The humble latke is elevated to the status of plum pudding and other Christmas comestibles (with absolutely no grounding in Christian faith)

  But we DID eat latkes (potato pancakes). Which by the way, brings me back to the blurring of lines between Christian and Jew, between Christmas and Chanukah: the latke is suddenly elevated to the status of plum pudding and wassail and turkey and the other Christmas comestibles which, by the way, have absolutely no grounding in Christian faith. But you knew that.
  So what didn't you know?
  Let me set the record straight. If it were not for the fact that Chanukah coincides with the Christmas season, no one would be making a fuss. Chanukah also falls on the 25th day of the month. Unfortunately the month is Kislev, which in the lunar calendar hops all over the place. It should be remembered, not only by Christians trying to make us feel better, but by Jews who should know better, that there are at least five holidays that are more sacred and holy than Chanukah. The national media makes no fuss over Shavuoth (when Moses handed down the Ten Commandments) or Succoth, when Jews commemorate our wandering in the desert, or Simchat Torah, or Sh'Mini Atseres or... had enough? They are all bigger days than Chanukah.
  Television, newspapers, radio - all the media are in an absolute paroxysm of ecumenism. Chanukah is everywhere. I love the Internet. I get to read The Washington Post. They are stunning in their Chanuka-itis. Awash in a ecumenism, the Post told readers to visit all the events. Catch the lighting of the National Menorah. Meet singles at the Chanukah Kickoff Party and the Chanukah Happy Hour and the gefilte fish party!
  Chanukah (or Hanukah for those who can't make the throat-clearing ccchhh sound) has become a symbol of fellowship and make-believe Jewishness. The Matzo-ball - appropriate for Passover is now a symbol of being Jewish. Even the august Kennedy Center throws a sing-along.
  It seems to me that Americans have led the way in making Chanukah an antidote for Christmas. Not that there is anything wrong with Christmas. It is not only holy, it is wholly fun. It is a joy, not just to Christians, but - as the carol says - to the world!
  I always thought that we Canadians were a little more reserved, a little a stiffer about celebrations rooted in our dominant Anglo-Saxon-Anglican-Brittannic history. But I am wrong.

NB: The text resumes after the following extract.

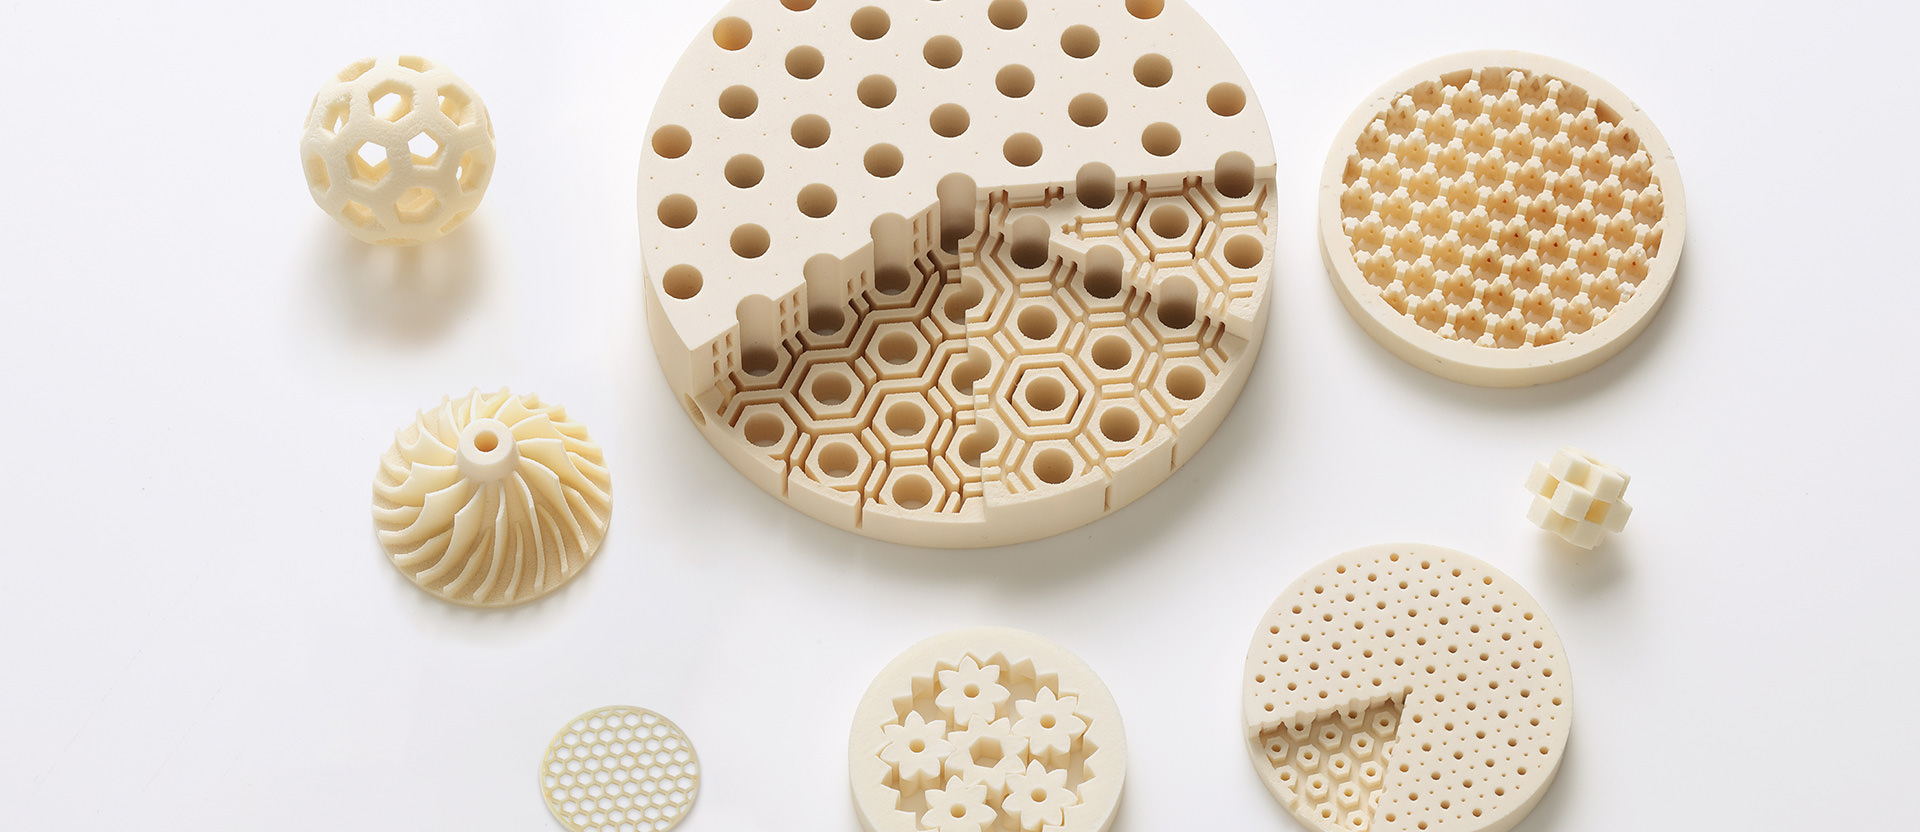 Ceramic material for 3D printers
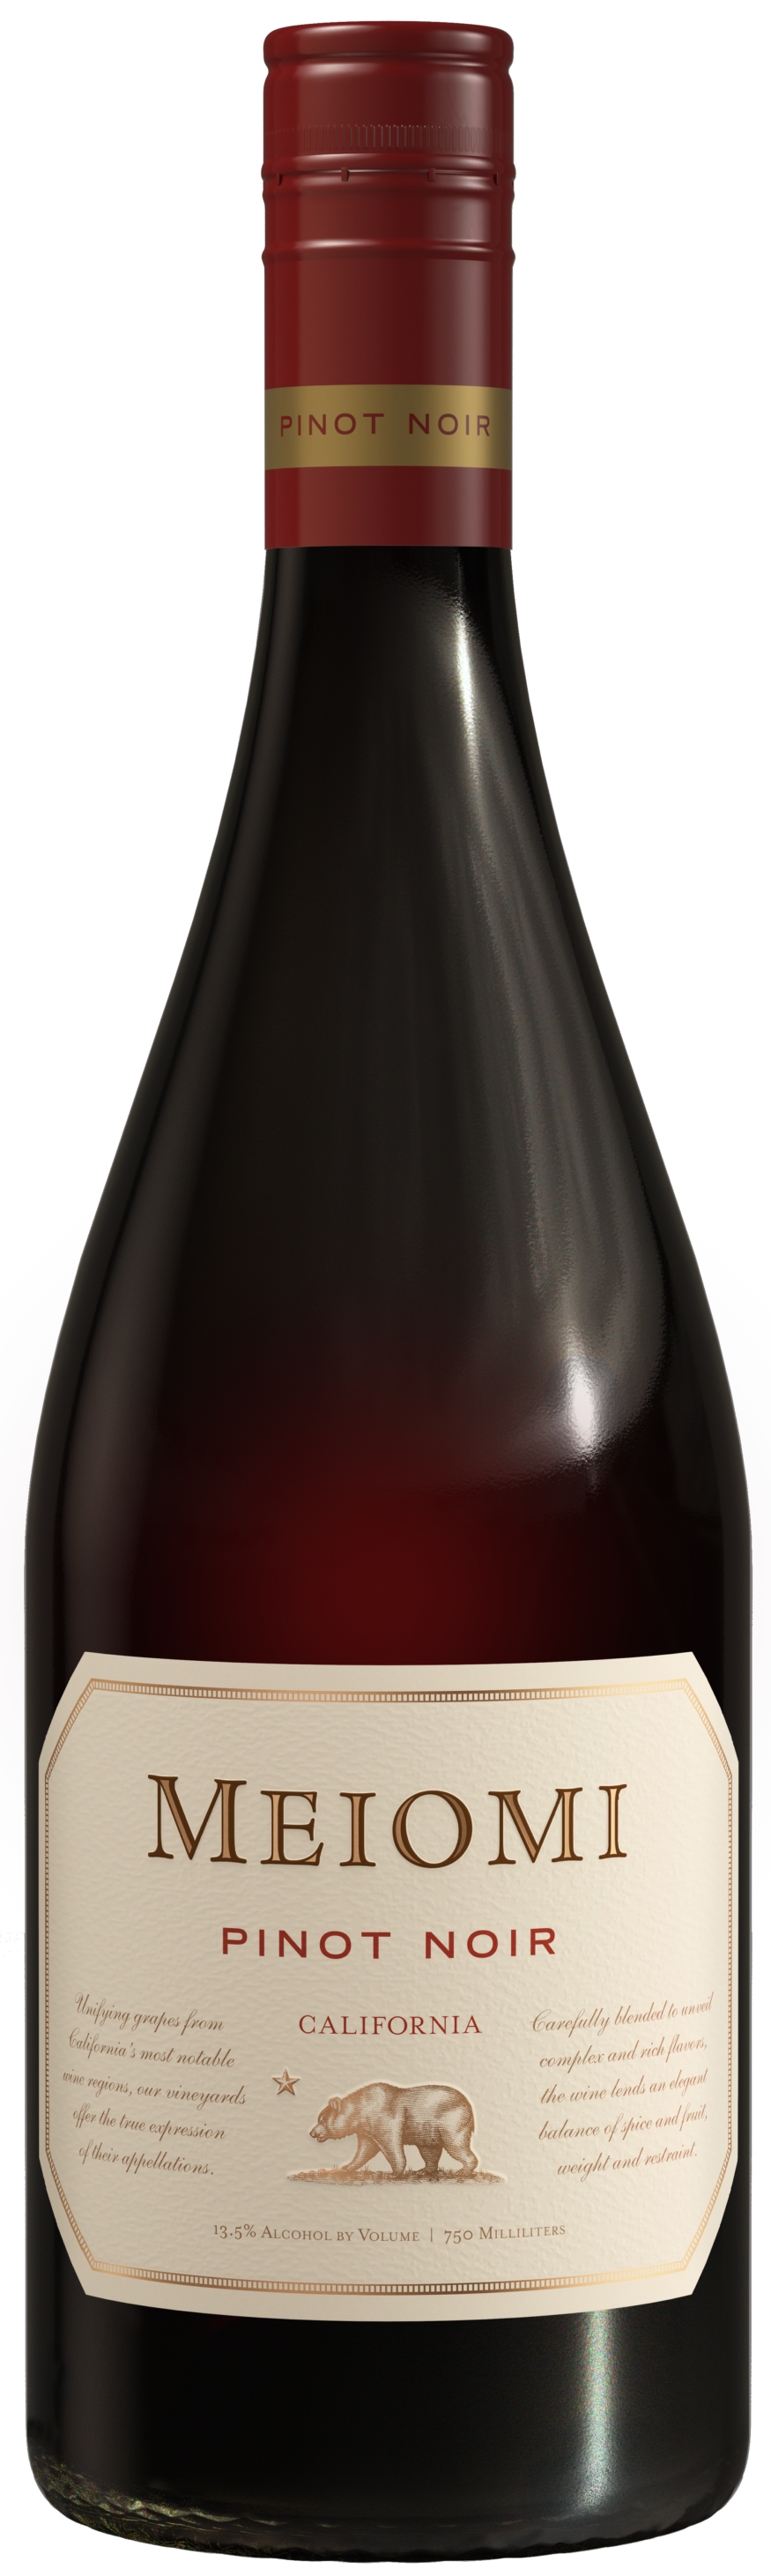 Pinot noir - Wikipedia

  Last year I remember Ontario NDP leader Howard Hampton scolding the Premier for calling an important meeting that coincided with the beginning of Chanukah. Our mayor is Jewish, but I somehow don't think he will be closeted in reverent prayer. The fact is, he has his hands full in another matter, but that is not for this page to discuss, sleazy and juicily mouth-watering as it may be.
  I enjoy Chanukah for what it is. I make latkes, which - because they are fried in oil, are the only true Chanukah food. (If you missed it - oil is the icon since it was a day's supply of oil that, with divine intervention, burned for eight days after the rededication of the Temple, after the Macabees defeated the Syrians. There will be no matzo ball soup, no kreplach, and certainly no pastrami sandwiches.
  The popularization of things Jewish is part of the Americanization of Jewish tradition. Harry Golden, the Charlotte North Carolina-based publisher of The Israelite, once said that if everyone would eat chopped liver anti-Semitism would disappear. The late Leo Rosten deplored, with good humor, the Anglification of Yiddish. He didn't mind that "goniff" or "chutzpah" were part of American-speak. But he deplored the mispronunciation of kibitz with the accent on the second syllable, and the growing use of the word "putz" which Anglos (and now Jews) rhyme with "guts" instead of pronouncing the letter U to rhyme with the O in forward. Too hard for you? Think how I feel about seeing a Chanukah bush.
  Last year I was in Paris over the holiday. Walking through the Jewish section of Le Marais, I looked up at an apartment window, and there, for all Paris to see was "Joyeux Chanukah." Merci and a Joyeux Noel to you.